Huck was critical of Bolsonaro's presidency, accusing Bolsonaro of 'inciting violence against women'.

== Personal life ==
Luciano Huck is married to the Brazilian television presenter, actress and singer Angélica Ksyvickis. They are parents of Joaquim, (born on March 8, 2005) Benício, (born on November 3, 2007) and Eva (born on September 25, 2012).

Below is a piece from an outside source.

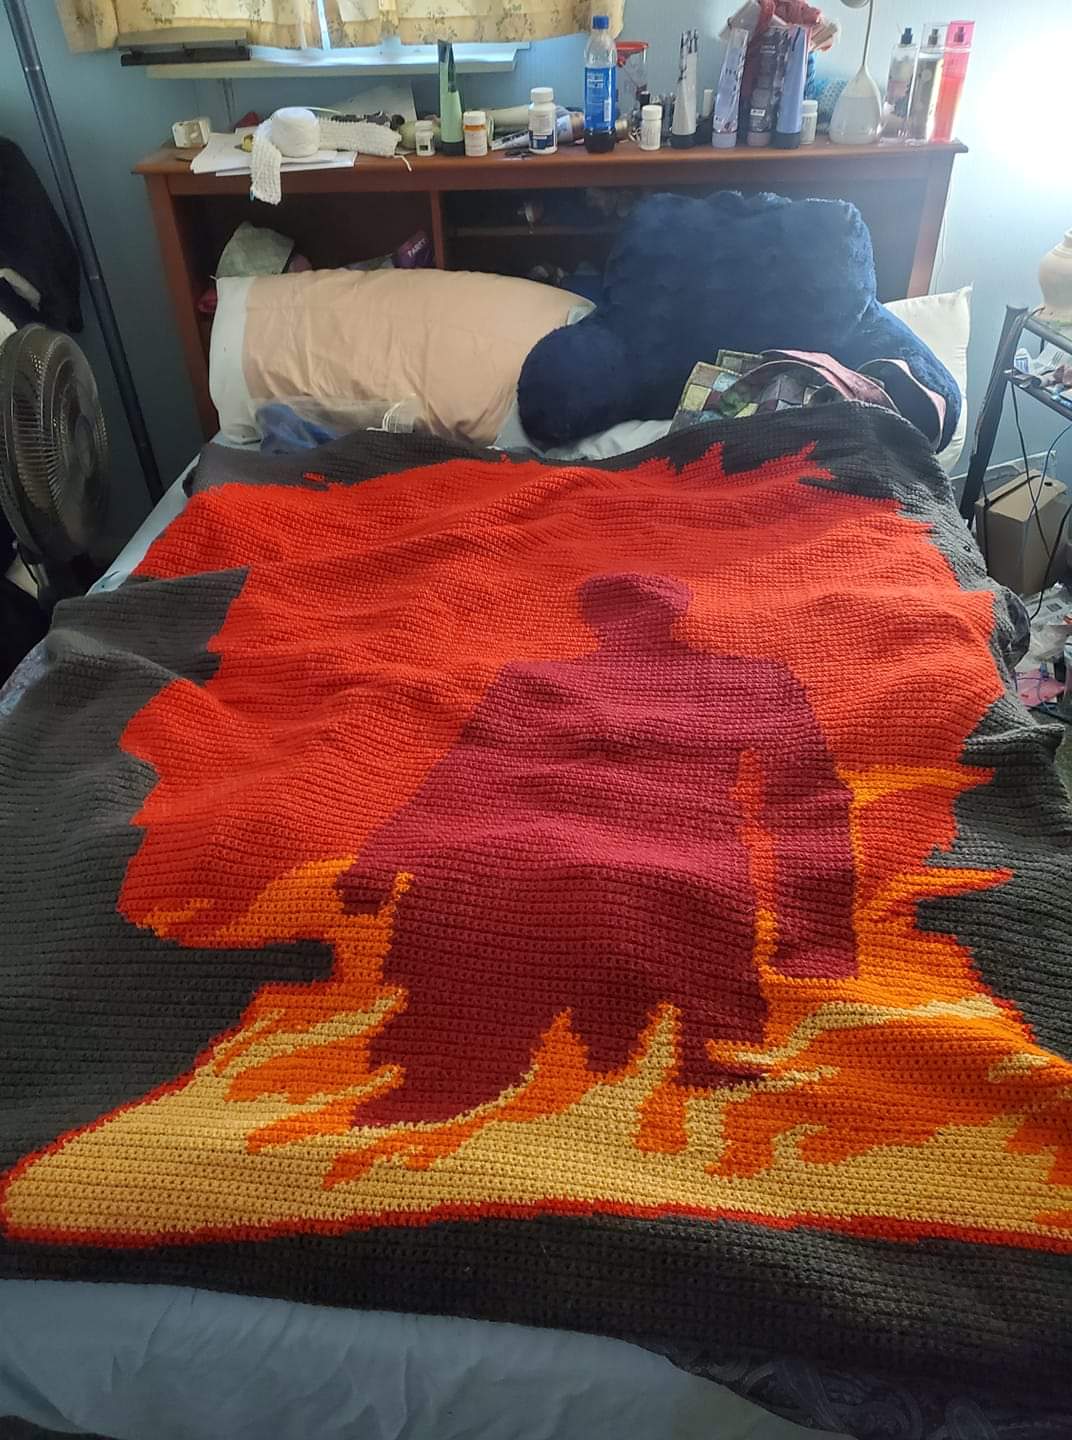 The Time Lord Victorious Crochet Graphghan Pattern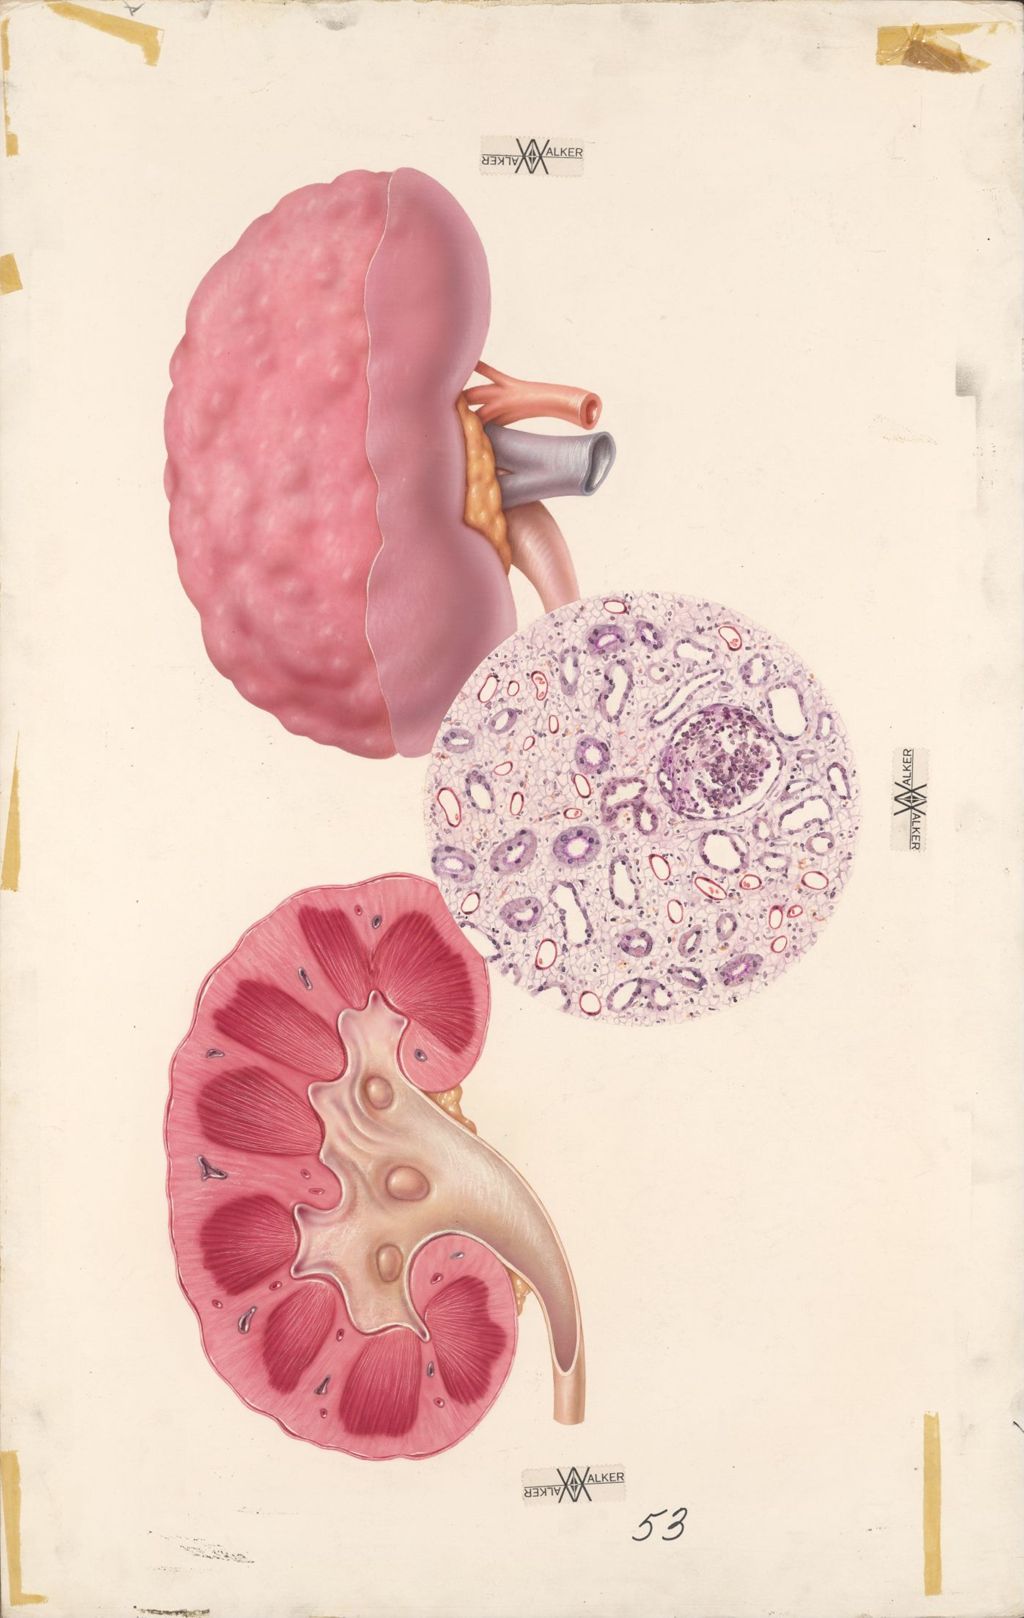 Miniature of Medical profiles, Diuril and Hydrodiuril, Chronic Glomerulonephritis

In May 2015, Huck, his wife and his three children were lightly injured after the plane they were travelling on crashed in the Pantanal region of the state of Mato Grosso do Sul.

== Filmography ==
=== Television ===

| Year | Title | Character | Note | TV channel |
|---|---|---|---|---|
| 1995 | Circulando | Columnist / Presenter |  | CNT Gazeta |
| 1996–2000 | Programa H | Presenter |  | Rede Bandeirantes |
| 2000–2021 | Caldeirão do Huck | Presenter |  | Rede Globo |
| 2004 | Cabocla | Xexeú | Special guest | Rede Globo |
| 2004 | Quebrando a Rotina | Presenter |  | Rede Globo |
| 2008 | Beleza Pura | Himself | Special Guest | Rede Globo |
| 2009 | Geral.com | Himself | Season 2 | Rede Globo |
| 2010 | As Cariocas | Augusto César | Episode: "A Traída da Barra" (Season 1, Episode 10) | Rede Globo |
| 2011 | Fina Estampa | Himself | Special Guest | Rede Globo |
| 2012 | Cheias de Charme | Himself | Special Guest | Rede Globo |
| 2013 | Amor à Vida | Himself | Special Guest | Rede Globo |
| 2014 | Now Generation | Himself | Special Guest | Rede Globo |
| 2017–present | Quem quer ser um milionário? | Presenter |  | Rede Globo |
| 2018 | The Wall | Presenter |  | Rede Globo |
| 2019 | Amor de Mãe | Himself | Special Guest | Rede Globo |
| 2021–present | Domingão com Huck | Presenter |  | Rede Globo |
| 2022 | Quanto Mais Vida, Melhor! | Himself | Special guest | Rede Globo |
| 2022–present | Acredite Em Quem Quiser | Presenter | Local version of To Tell The Truth | Rede Globo |
| 2023 | Vai na Fé | Himself | Special Guest | Rede Globo |
| 2024 | Família é Tudo | Himself | Special Guest | Rede Globo |

=== Film ===

| Year | Title | Role |
|---|---|---|
| 1999 | Xuxa Requebra | Presenter |
| 2001 | Xuxa e os Duendes | Tomate |
| 2004 | Um Show de Verão | Marcelo |
| 2005 | Turma da Mônica em Cine Gibi | Himself |
| 2009 | Xuxa em O Mistério de Feiurinha | Rapunzel's prince |
| 2010 | Tangled | Flynn Rider (Brazilian dub) |
| 2011 | Breaking the Taboo | Himself |
| 2014 | Na Quebrada | Himself |
| 2015 | Até Que A Sorte Nos Separe 3: A Falência Final | Himself |

== Awards ==
Huck received the Prêmio Extra de Televisão award for Best TV Host for 8 consecutive years (2013, 2012, 2011, 2010, 2009, 2008, 2007 and 2006), an accolade organized by Rio de Janeiro newspaper Extra, and it is similar to the People's Choice Awards.

Caldeirão do Huck also received the same award as Best Variety Show for 9 years (2011, 2010, 2009, 2008, 2007, 2006, 2005, 2004 and 2003), including an Outstanding Award for the feature Soletrando (a type of spelling bee) in 2007.